К удивлению земца, ротмистр пробежал рапорт глазами и сунул его в стол. Равнодушно, без всякого интереса. Такой факт, а он ноль внимания. Непонятно. Варенцов протянул агенту «серенькую» и заставил расписаться на клочке бумаги: «Деньги 25 (двадцать пять) рублей получил. Шестидесятый. 28 февраля 1917 г.» А потом указал на дверь.
Селедкин вышел из охранного ошарашенный. Что-то не так. Ротмистр был службист, делал карьеру, и вдруг… Земгусар двинулся к Откосу и вдруг услышал крик газетчика:
-Государь разогнал Государственную Думу! Волнения в Петрограде!

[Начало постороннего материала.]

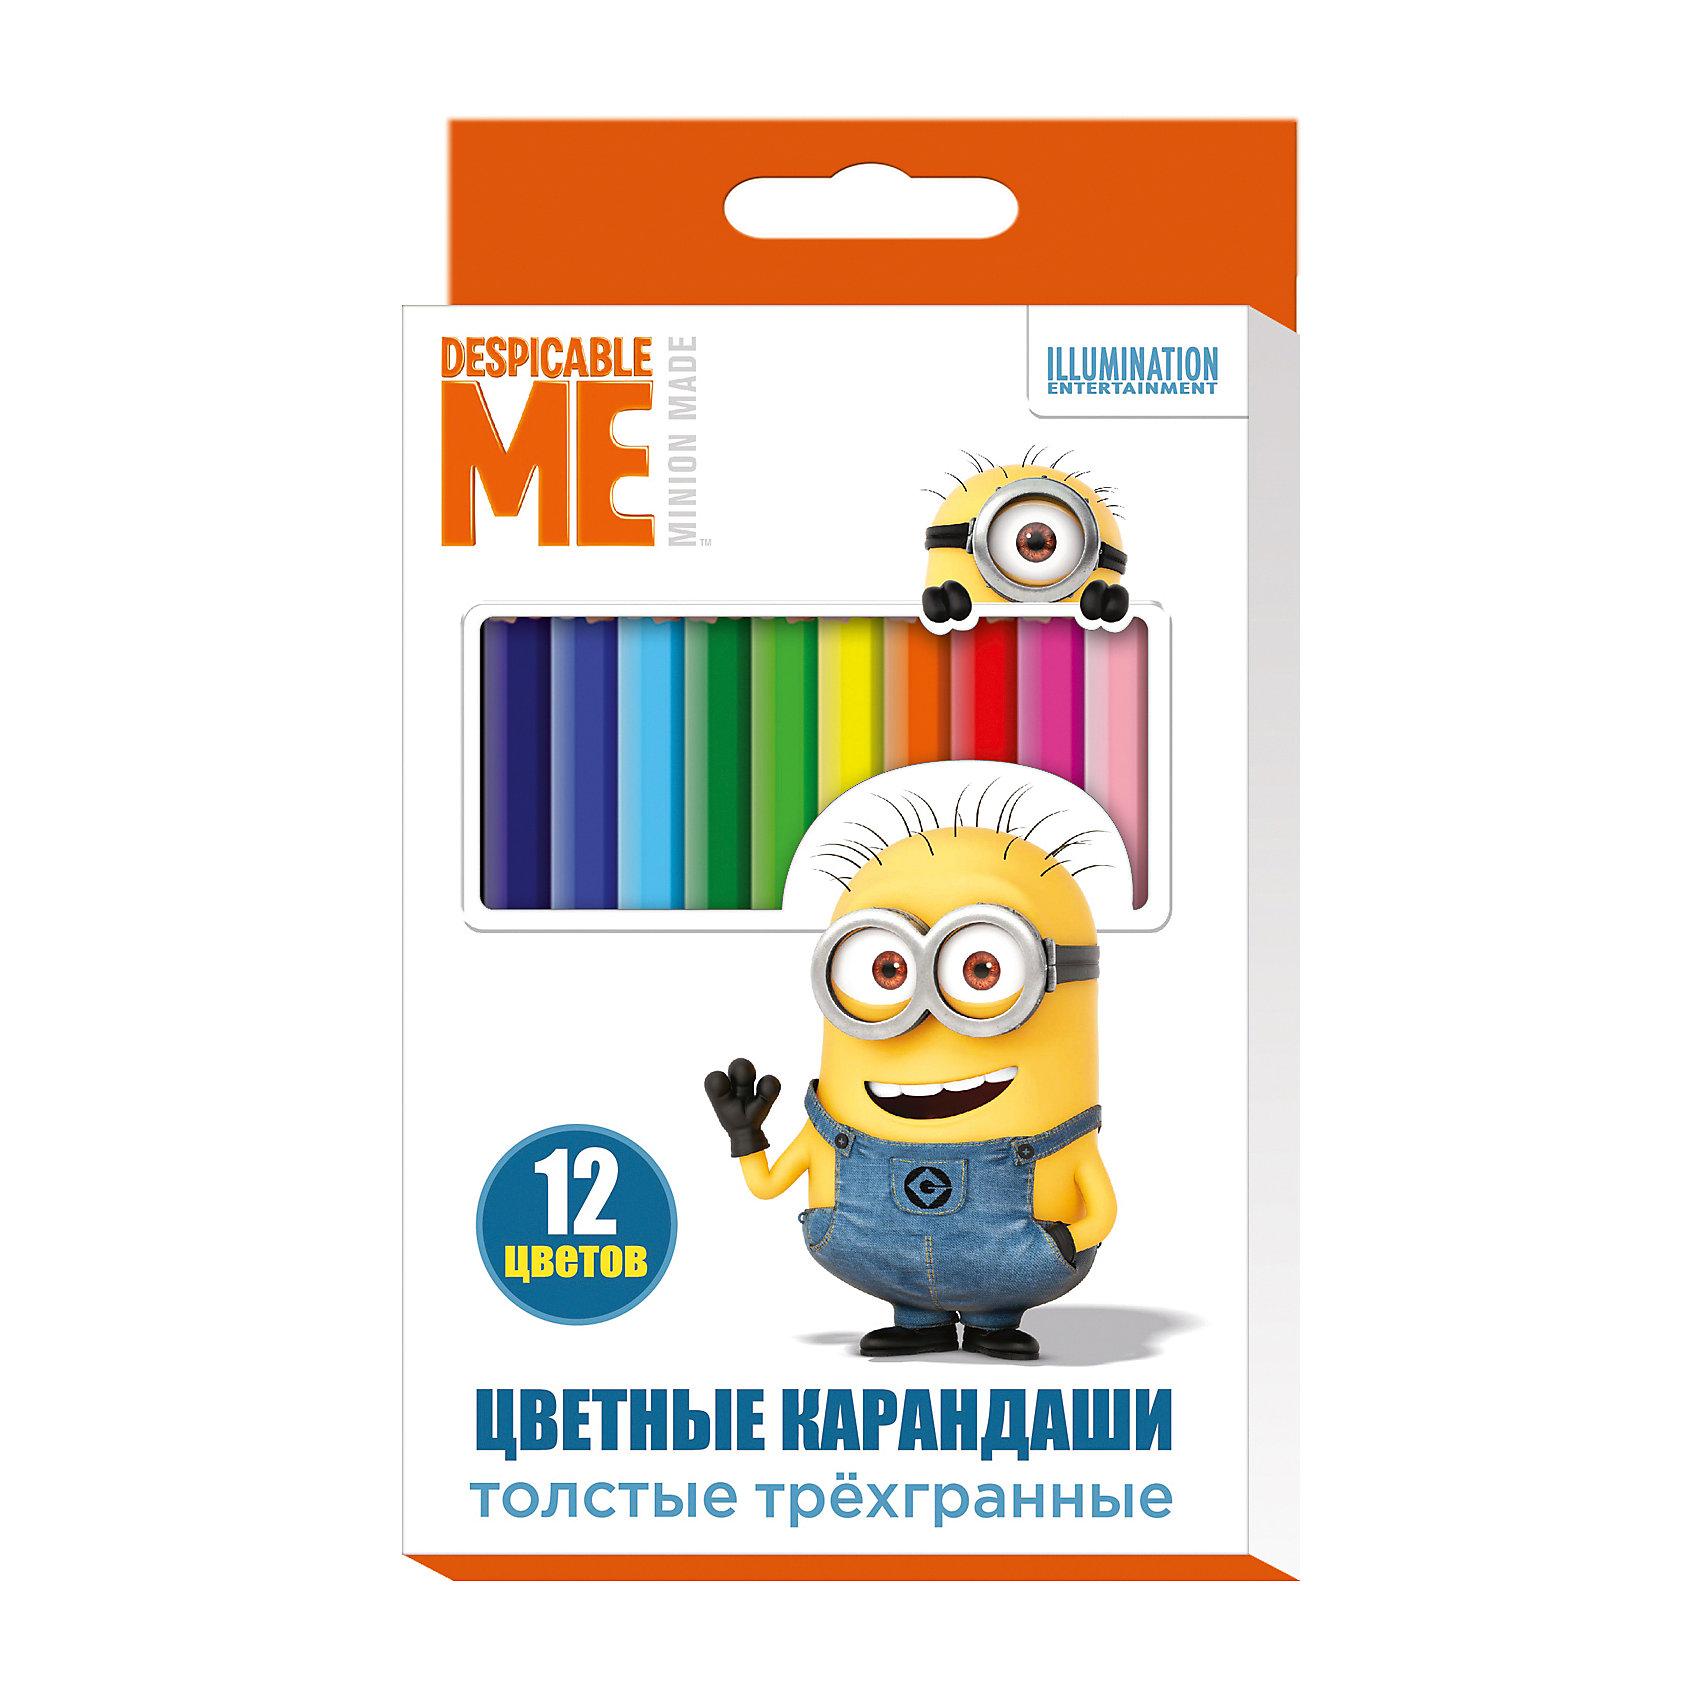 Цветные карандаши, 12 цв., МиньоныМиньоны Товары для школы<br>Цветные карандаши - необходимый инструмент для детского творчества и школьных занятий. Карандаши, Миньоны, идеально подходят для рисования, письма и раскрашивания. Карандаши разработаны специально для малышей: благодаря утолщенному трехгранному корпусу и<br>эргономичной форме, они особенно удобны для детской руки, поэтому ребенок может рисовать без усталости и правильно держать карандаш, формируя навыки правильного письма. Изготовлены из высококачественной древесины, легко затачиваются, имеют прочный грифель, который не ломается при заточке. Набор из 12 карандашей оформлен в нарядную картонную коробку с изображением забавного миньона из популярного мультфильма Гадкий Я.<br><br><br>Дополнительная информация:<br><br>- В комплекте: 12 карандашей.<br>- Материал: дерево, грифель.<br>- Толщина грифеля: 0,4 см.<br>- Размер одного карандаша: 17,5 х 1,1 см.<br>- Размер упаковки: 18 х 1 х 11,2 см.<br>- Вес: 137 гр.<br><br>Цветные карандаши, 12 цв., Миньоны, можно купить в нашем интернет-магазине.<br><br>Ширина мм: 180<br>Глубина мм: 112<br>Высота мм: 10<br>Вес г: 137<br>Возраст от месяцев: 36<br>Возраст до месяцев: 120<br>Пол: Унисекс<br>Возраст: Детский<br>SKU: 4774832

Михаил Полуэктович купил «Нижегородский листок» и прочитал на первой странице важные новости. Нет, Дума не была разогнана, газетчик соврал. Царь лишь приостановил ее деятельность до апреля. А командующий войсками Петроградского военного округа генерал Хабалов сообщал, что в столице отмечены волнения. Он запретил всякие сборища и грозил применить оружие. Вот почему жандармам не до рапортов! Не дай Бог, революция, победившие бунтовщики могут в кутузку засадить. А потом доберутся и до секретной агентуры…
Селедкин сел на скамейке и задумался. Как быть? В охранке есть его личное дело, с расписками и согласием на сотрудничество. Вернуться к ротмистру и попросить выдать его? Смешно. Надо дождаться, когда все совсем рухнет. И уж тогда умолять Варенцова. Денег ему предложить, воззвать к совести, хотя откуда у жандарма совесть?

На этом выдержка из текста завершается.